REQUIRED ACTION:
Return the lines of the material below exactly, beginning with the line that has "SPRING SALE - SAVE" in it and finishing with the line that has "Chameleon Green Purple" in it. Leave all pictures aside.

DATASET RECORDS:
----------

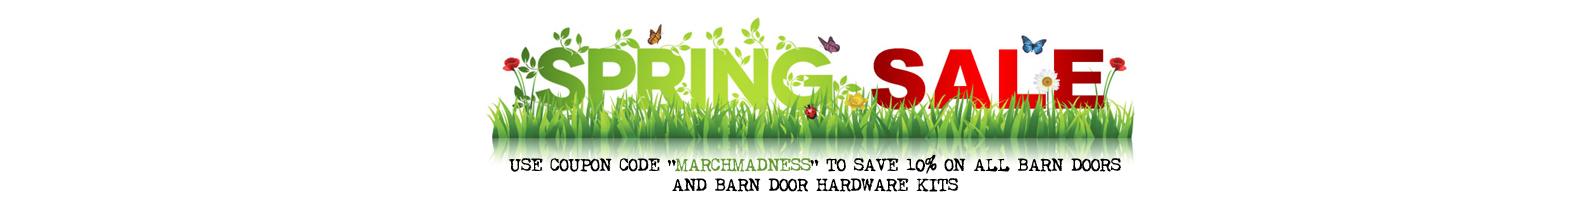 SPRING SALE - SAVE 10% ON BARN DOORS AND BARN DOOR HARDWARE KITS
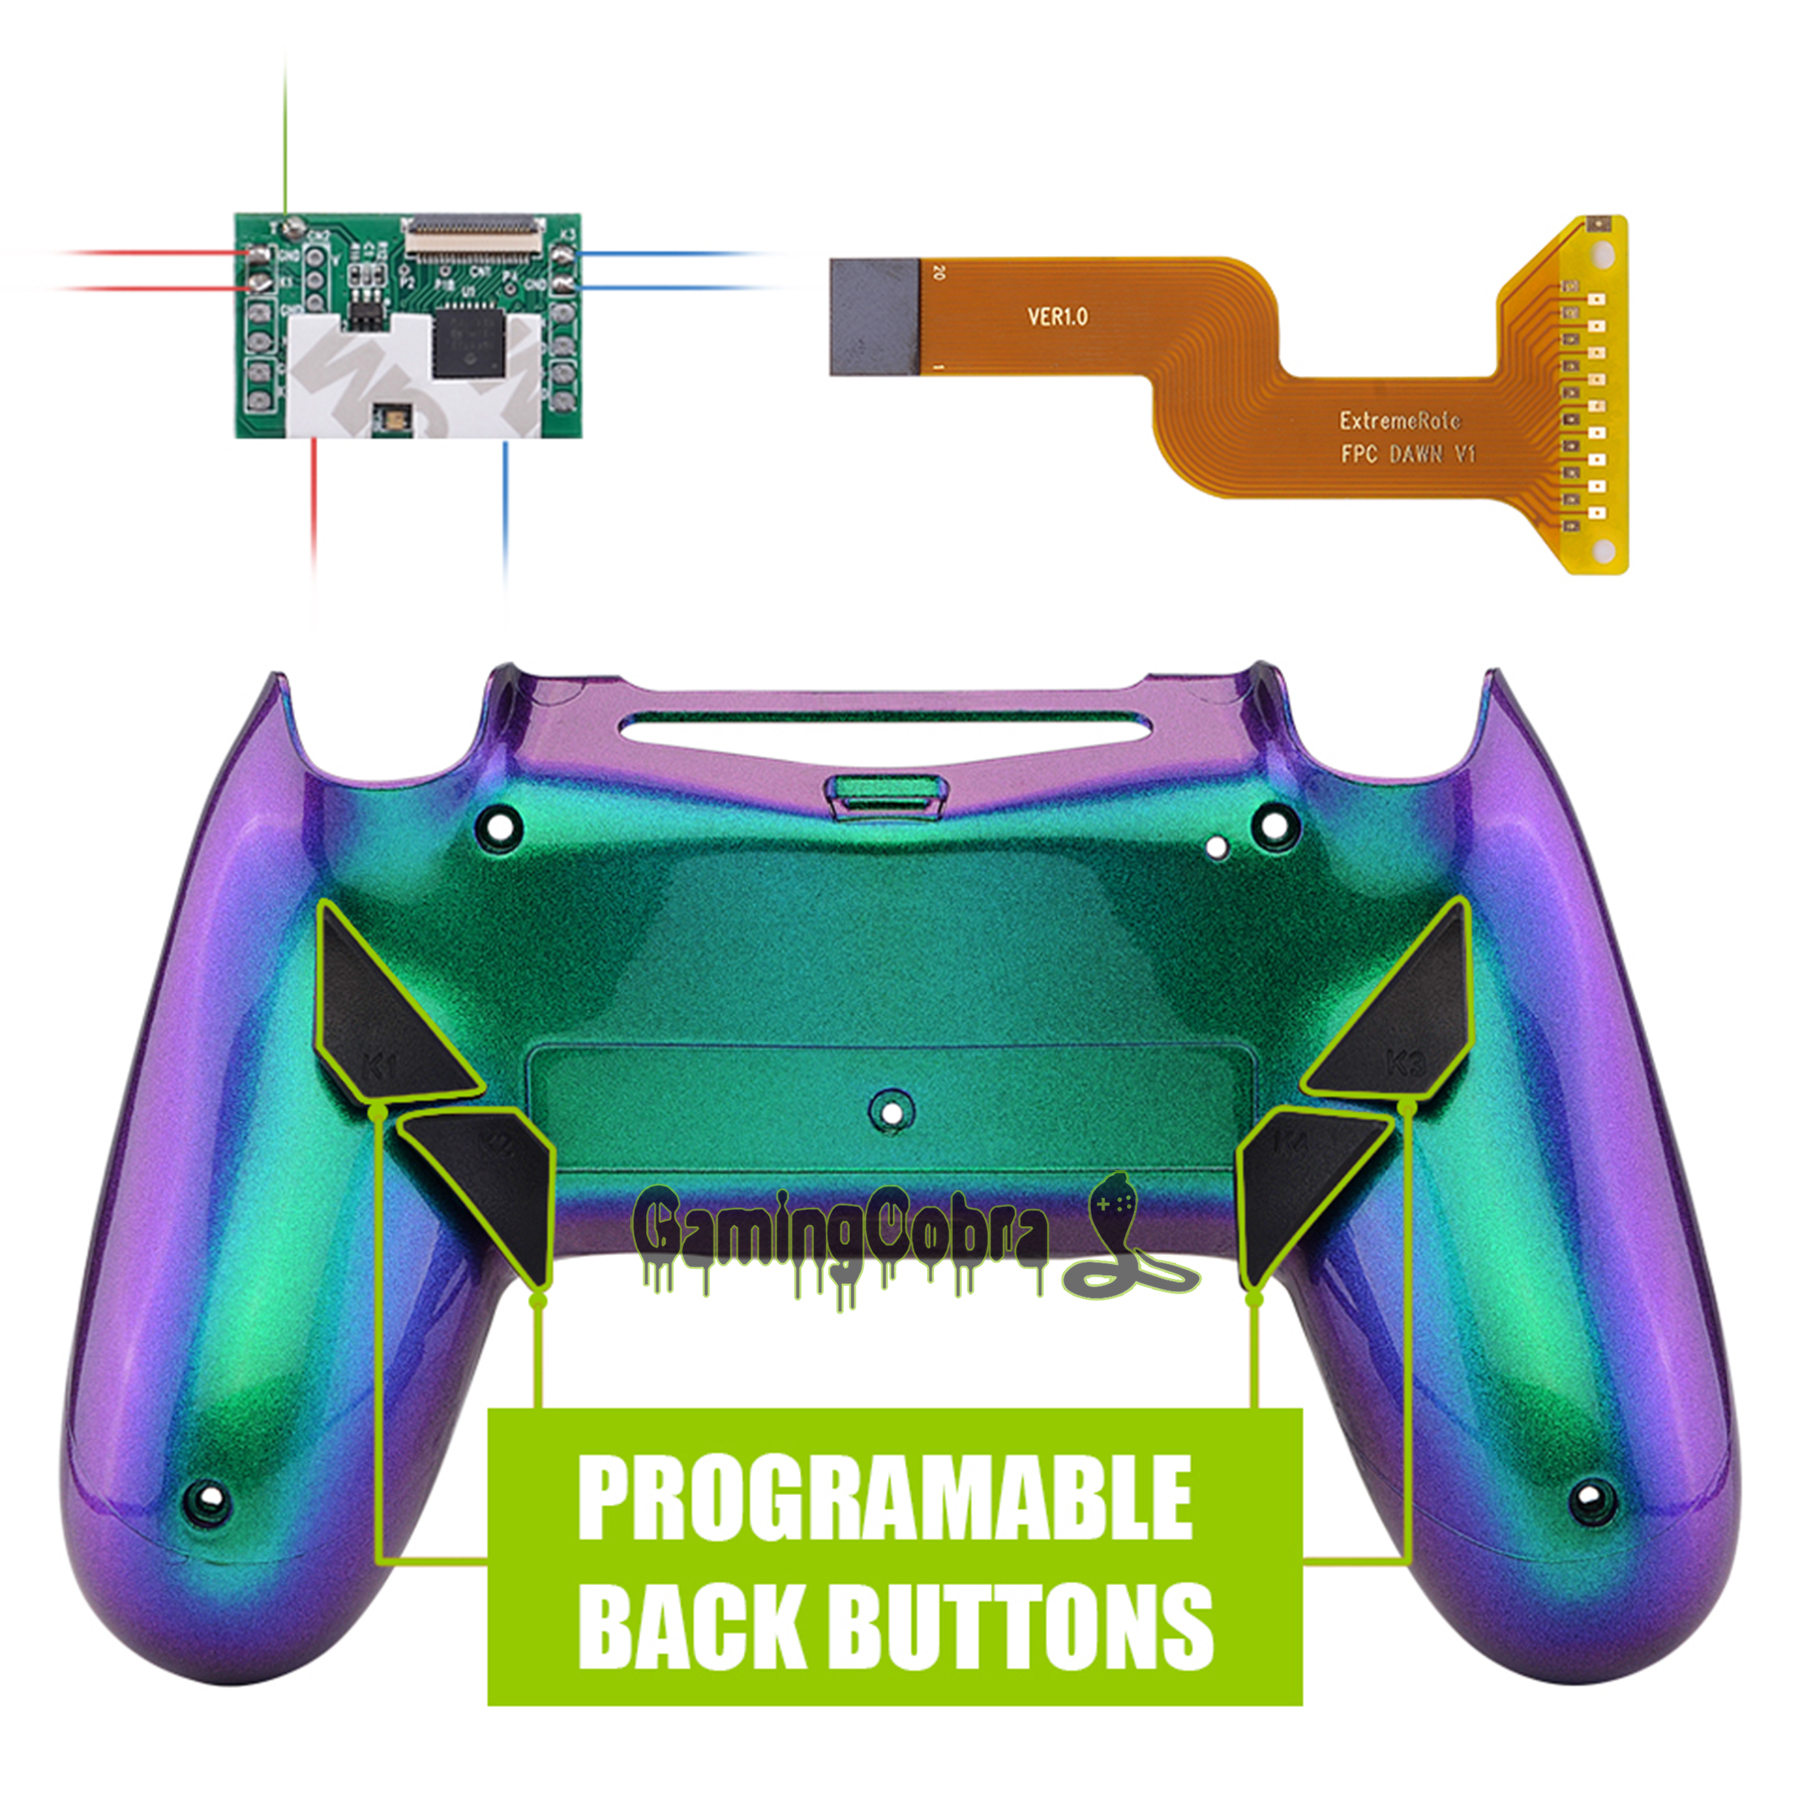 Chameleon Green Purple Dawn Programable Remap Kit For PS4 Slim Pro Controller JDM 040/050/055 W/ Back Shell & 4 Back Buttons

----------

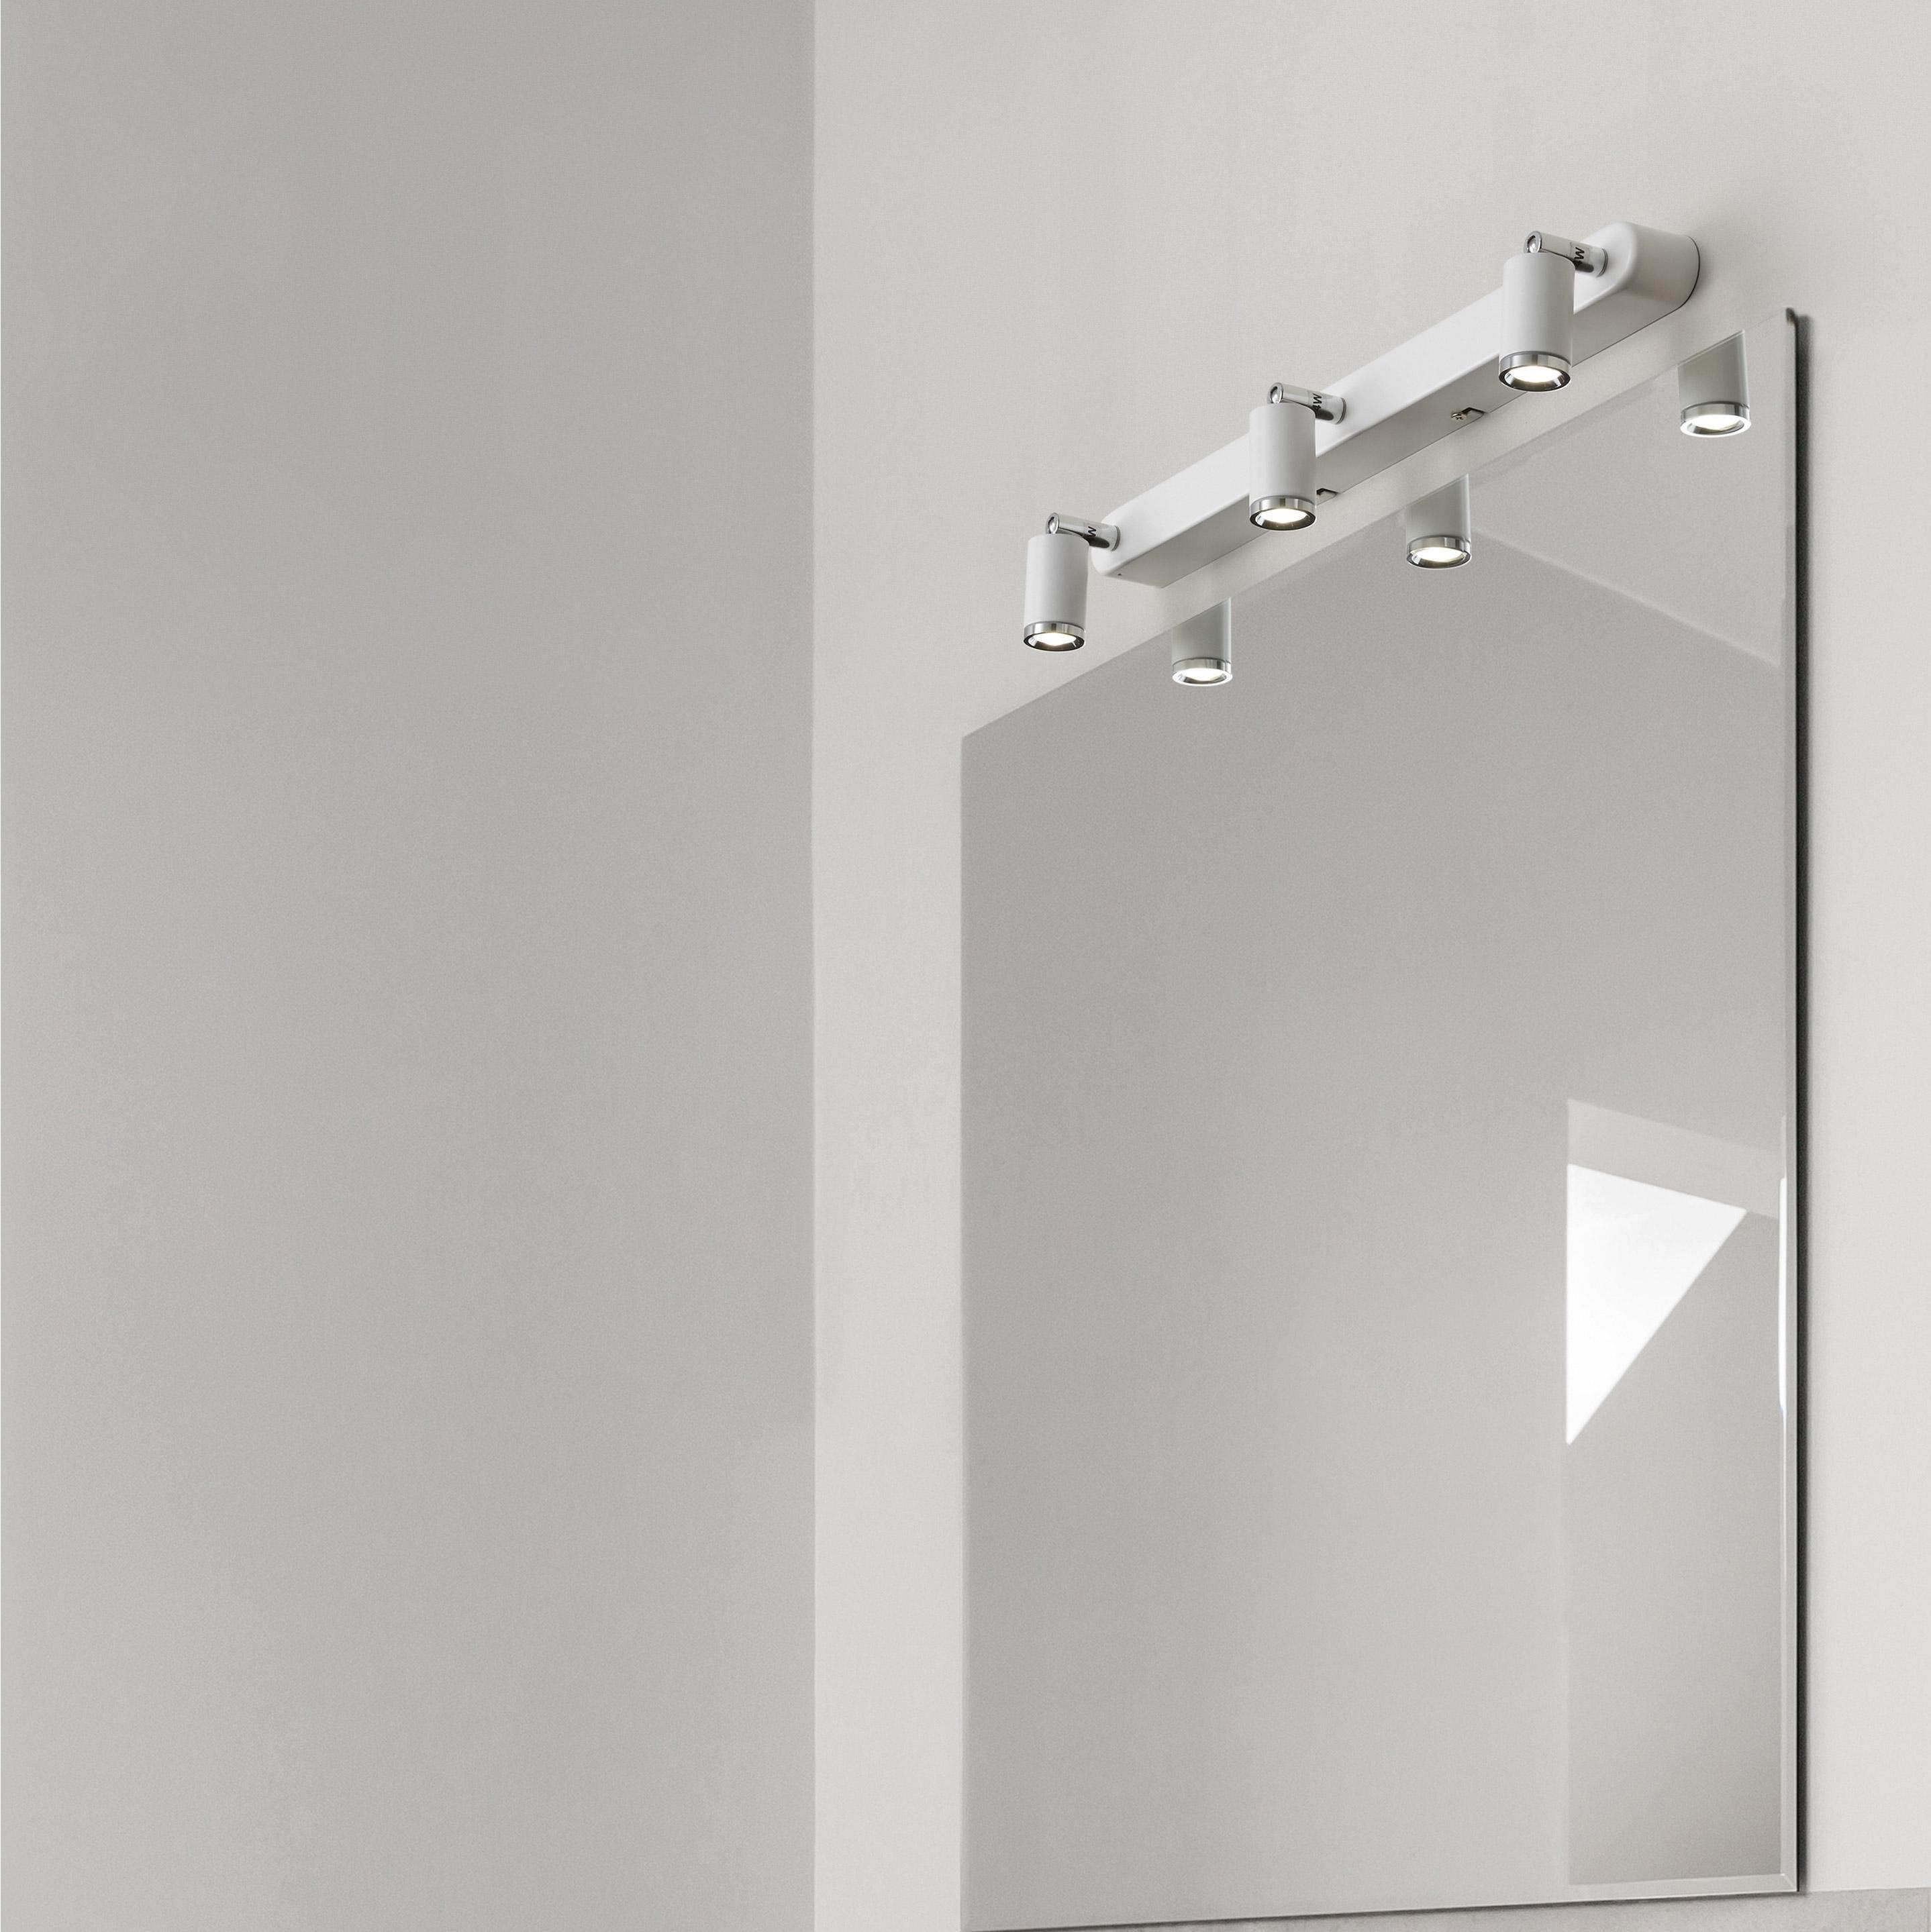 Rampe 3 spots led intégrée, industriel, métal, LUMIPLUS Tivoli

----------

ANSWER FOR THE TASK:
 SPRING SALE - SAVE 10% ON BARN DOORS AND BARN DOOR HARDWARE KITS
 Chameleon Green Purple Dawn Programable Remap Kit For PS4 Slim Pro Controller JDM 040/050/055 W/ Back Shell & 4 Back Buttons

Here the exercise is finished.